Иисус и иудаизм (Сандерс) - страница 58

Та же позиция, хотя и по-иному выраженная, просматривается и в комментариях сравнительно недавнего времени. Отклонив (на мой взгляд, правильно) то, что он определяет как две основные современные интерпретации «очищения». — что оно выражает противостояние ранней церкви храмовому культу 13 и представляет «силу присутствия воскресшего [Христа] в вероисповедании послепасхальной общины» 14, — Ролоф дает свою интерпретацию: это действие было «пророческим знаком, его целью было привести к покаянию и обратить Израиль в последние дни» 15. «Иисус обвинял иудаизм» который сам понимал святость храма как места, где присутствует Бог, и показывал, что его практика противоречит этой святости. Поступок Иисуса выражал «требование безусловного поддержания святости существующего храма» 1'. Имелась в виду, как следует из этого замечания» внутренняя святость, которая была запятнана или затемнена фактическим исполнением храмовых дел.

Другие современные исследователи, не высказывая явно мнения, что религия должна быть свободной от грубого материализма, тоже понимают акцию Иисуса как «очищение» от развращающей торговли. Так, Иеремиас полагает, что «очищение» было направлено против класса священников, потому что, «злоупотребляя своей профессией... они используют ее для заключения сделок и получения наживы» (с. 167). Подобным же образом Олан замечает, что «Превратить двор храма в место для рынка — и ради своей собственной прибыли — было нарушением закона о святости храма...»19. Можно привести также мнение Трокме: акция была направлена «на защиту чести Бога» 24’, которую торговля, очевидно, ставит под вопрос. Харвей говорит о «злоупотреблении еврейскими установлениями» 21, против которого выступил Иисус, и характеризует его акцию как пророческую, являющую собой «божественный суд за специфическое использование храма» 22. Этим «использованием» была торговля, и Харвей пишет, что Иисус имел все основания думать, что торговли в храме быть не должно 23.

Такого рода комментарии, несомненно, нацелены на то, чтобы провести различие между храмом, устроенным согласно предписанию Бога, — против которого Иисус не выступал, — и еврейским «злоупотреблением» божественными установлениями, против которого Иисус и выступил. Однако то, как это различие проводится, подразумевает, что именно сама торговля — обмен денег, покупка жертвенных животных и птиц и, вероятно, плата за их осмотр — является тем объектом, против которого направлена акция. Предполагается, видимо, что Иисус проводил различие — и хотел, чтобы его современники с ним согласились, — между такого рода «практикой» и «истинным назначением» храма.

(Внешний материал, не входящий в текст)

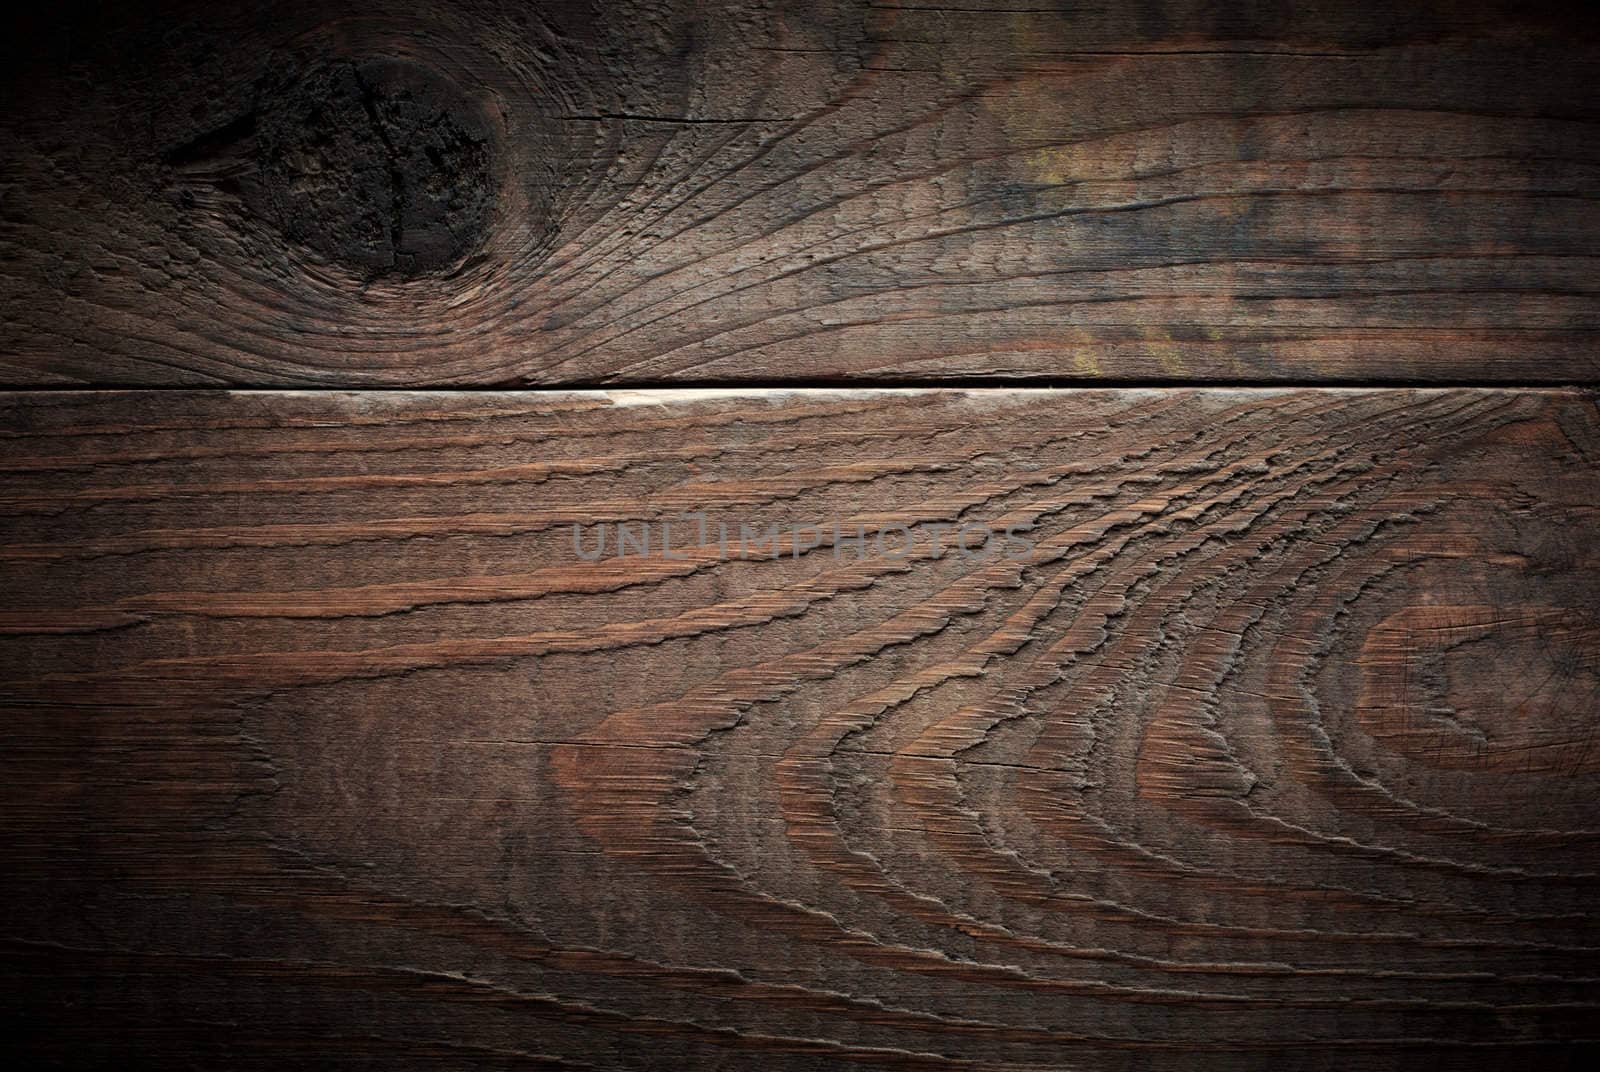 Old planks. Wood background.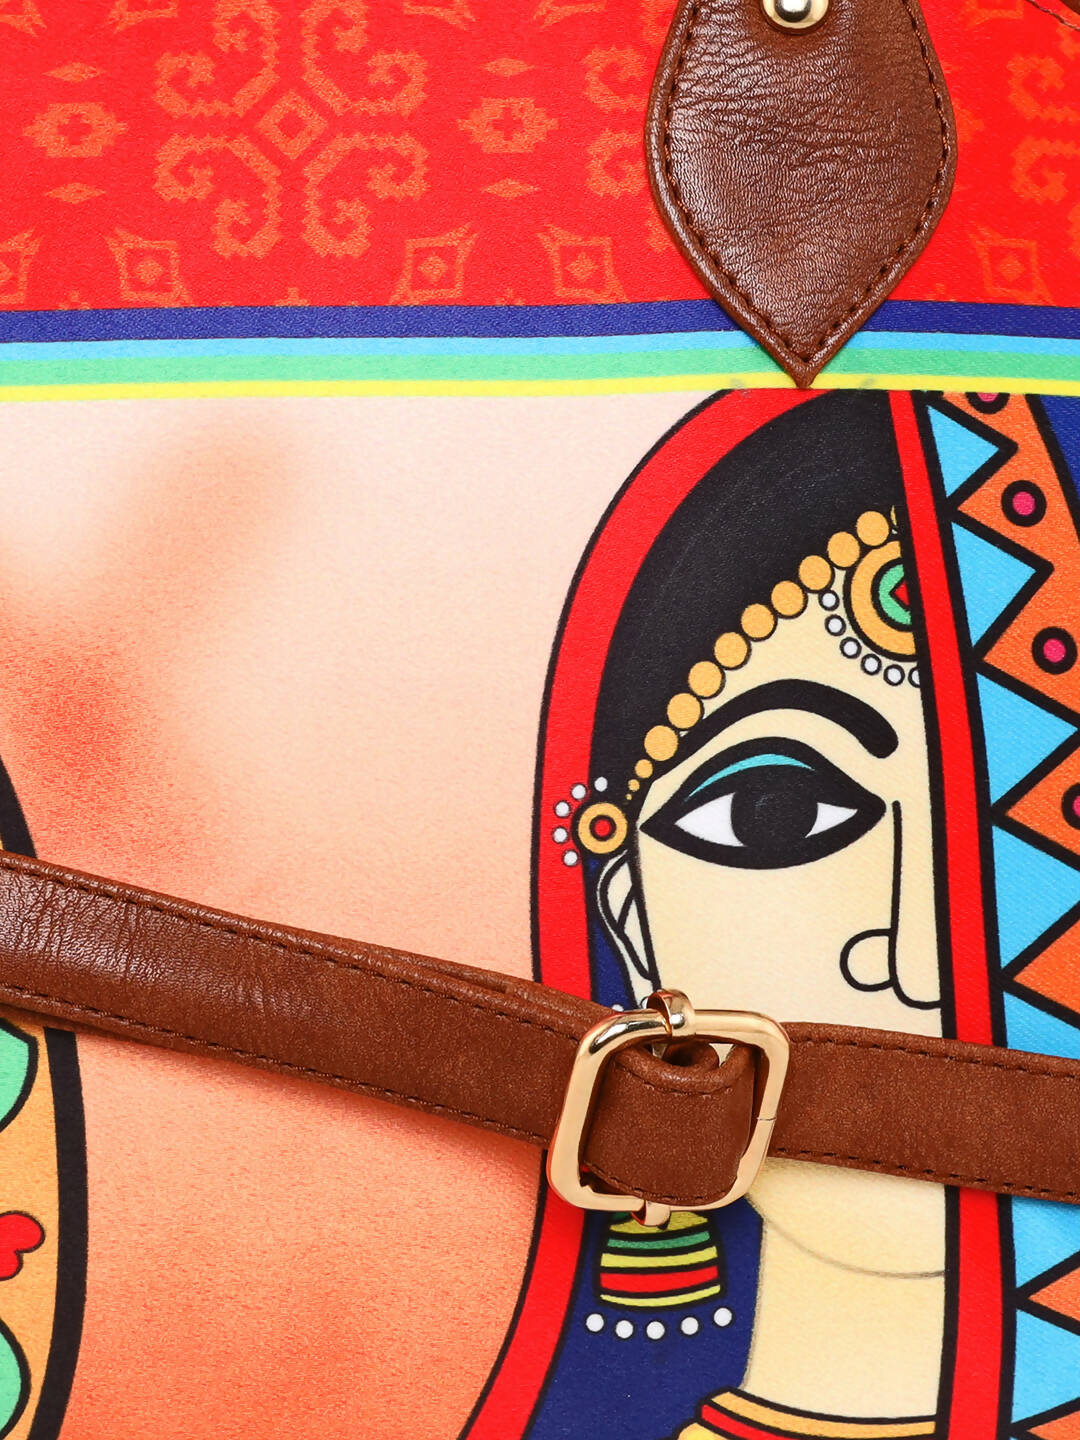 All Things Sundar Multicolor Sling Bag MOBILE POUCH M03-162 Multicolor -  Price in India | Flipkart.com

Это скорее напоминает воззрения девятнадцатого века — согласно которым все внешнее плохо — чем воззрения евреев первого столетия 24. Те, кто пишет о желании Иисуса вернуть храм к его «первоначальному», «истинному» назначению, «чистому» служению Богу 25, кажется, забыли, что главная функция любого храма — служить местом для жертвоприношений, и что для жертвоприношений необходимо доставлять подходящих животных. Так это всегда было в иерусалимском храме. Во времена Иисуса храм в течение долгого времени был единственным местом в Израиле, где можно было приносить жертвы, и это означает, что в храме должен был быть запас пригодных для этого животных и птиц. Не было такого «первоначального» времени, когда поклонение в храме было «чистым» от коммерческой деятельности: последняя возникает вследствие потребности в безупречных жертвах. Далее, с незапамятных времен в храм приходили паломники, которые приносили с собой разные деньги. С точки зрения Иисуса и его современников, требование жертвоприношений всегда должно включать доставку жертвенных животных и птиц, их осмотр и обмен денег. Поэтому можно только удивляться, о чем думают исследователи, когда говорят о желании Иисуса прекратить «специфическое использование» храма. Что осталось бы от службы, если бы храм был очищен от сопровождаемого злоупотреблениями (предположительно) внешнего обеспечения жертвоприношений и необходимой для них торговли? Здесь, как это часто бывает, мы видим нежелание мыслить конкретно, предпочтение отдается неопределенным религиозным абстракциям.